Accuracy in Media

Over at RedState, Erick Erickson scolded conservatives for their poor track record of investing in the movement online. His gripe focused specifically on the failure of conservative groups to invest in bloggers by buying advertising space on their sites — not sites with “national clout” like RedState but blogs like Minnesota Democrats Exposed, which did some heavy journalistic lifting in covering last year’s Norm Coleman-Al Franken Senate race.

But this observation near the top of Erick’s post has implications beyond advertising and to the practice of conservative journalism more broadly:

Every day in Washington, there is some right-wing group somewhere bemoaning the efforts of the right online. Sadly, for them and the rest of the right, their first thought is “let’s do it ourselves” instead of “let’s invest in the existing talent.”

I made a similar point in a Facebook discussion with John Hawkins of Right Wings News last night. John had suggested that Republicans need a Washington-focused, Politico-style journalism publication of their own, to which I replied:

Why would the GOP need that? There are enough center-right online publications already, and a GOPolitico isn’t going to accomplish anything new.

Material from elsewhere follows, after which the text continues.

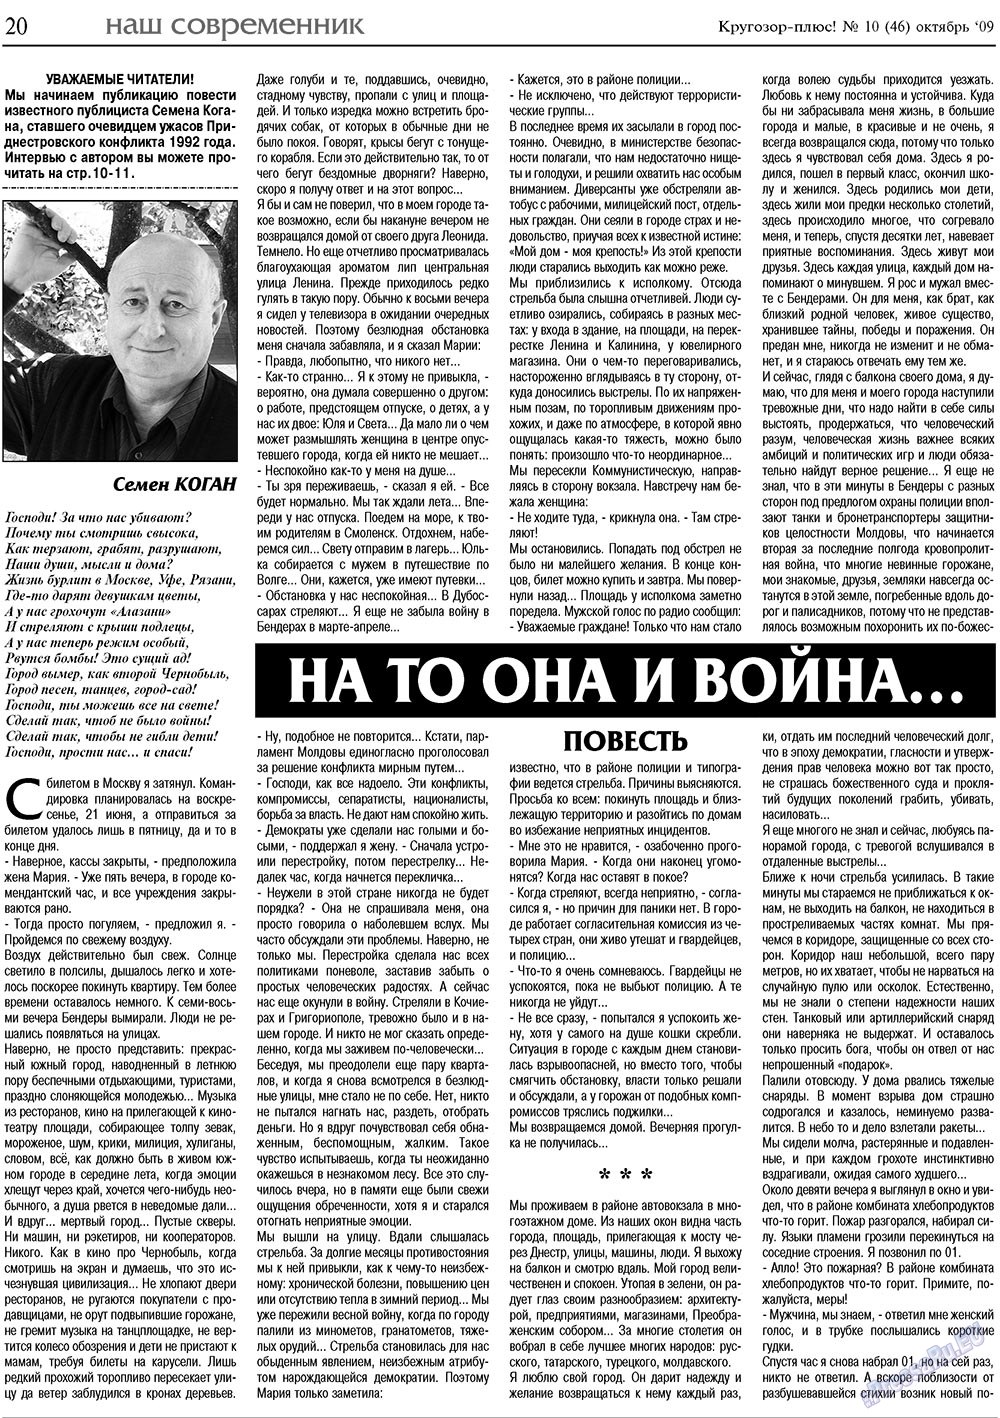 Кругозор плюс! (газета). 2009 год, номер 10, стр. 20

The problem with conservative political media isn’t that it doesn’t exist but that too many publications are trying to do the same thing — and few of them are consistently good at it. Ironically, the inherent entrepreneurial nature of conservatives is an obstacle to media success because every conservative who cares and has the finances to make a go of it wants to to launch THE publication that makes it big.

The key is to get the best conservative media minds working together rather than competing against each other.

John elaborated by saying that conservatives need an “online zine with the resources to do heavy Capitol Hill reporting,” and that’s true. But when it comes to journalism, conservatives are too independent for their own good.

Conservative readers can get their news fixes at Cybercast News Service, Human Events, Newsmax, Townhall and WorldNetDaily (and probably others I’m forgetting). More traditional conservative publications like American Spectator, National Review and The Weekly Standard have bolstered their daily online presences in recent years. And in the past few weeks, Fox News and The Washington Times have added their own right-leaning online operations, and The Fox Nation.

There are multiple conservative video voices online, too. Pajamas TV, which is targeting the conservative-libertarian market, has been making a big publicity push since last year’s Republican convention. It sponsored the Conservatism 2.0 side conference at February’s Conservative Political Action Conference in Washington and has been covering the anti-tax “tea parties” the mainstream media have been ignoring. Breitbart TV also will cover the tea parties all day on April 15, the deadline for filing federal income taxes.

Besides those better-known operations, conservatives have two active video-sharing sites, (I served as its executive producer last year) and New Media Alliance Television, and one inactive site, Qube TV. John also launched the blog Right-Wing Video in January to serve as a portal to videos on YouTube and other sites.

All of those conservative journalistic efforts may have merit when examined individually. But when you step back to see the big picture, you realize there are too many small fish in the big media pond. Save for the two newcomers from Fox and the Times, none of them have the resources to do individually what all of them could accomplish together.

As Erick said, the first thought of conservatives when it comes to online media is, “Let’s do it ourselves.” On the left, meanwhile, The Huffington Post just launched an investigative journalism project to the tune of $1.75 million, and here’s the kicker: “Work that the journalists produce will be available for any publication or Web site to use at the same time it is posted.”

When will the best minds in conservative media get together to brainstorm projects like that? And when will the big money on the right wake up and start funding them?

The best way to combat liberal media bias in the information age is for conservatives to be the media themselves, perhaps by adopting a donor-backed business model like the one at But everyone can’t be in charge. Until conservatives decide to join forces, the left will continue dominating new media as effectively as they have old media.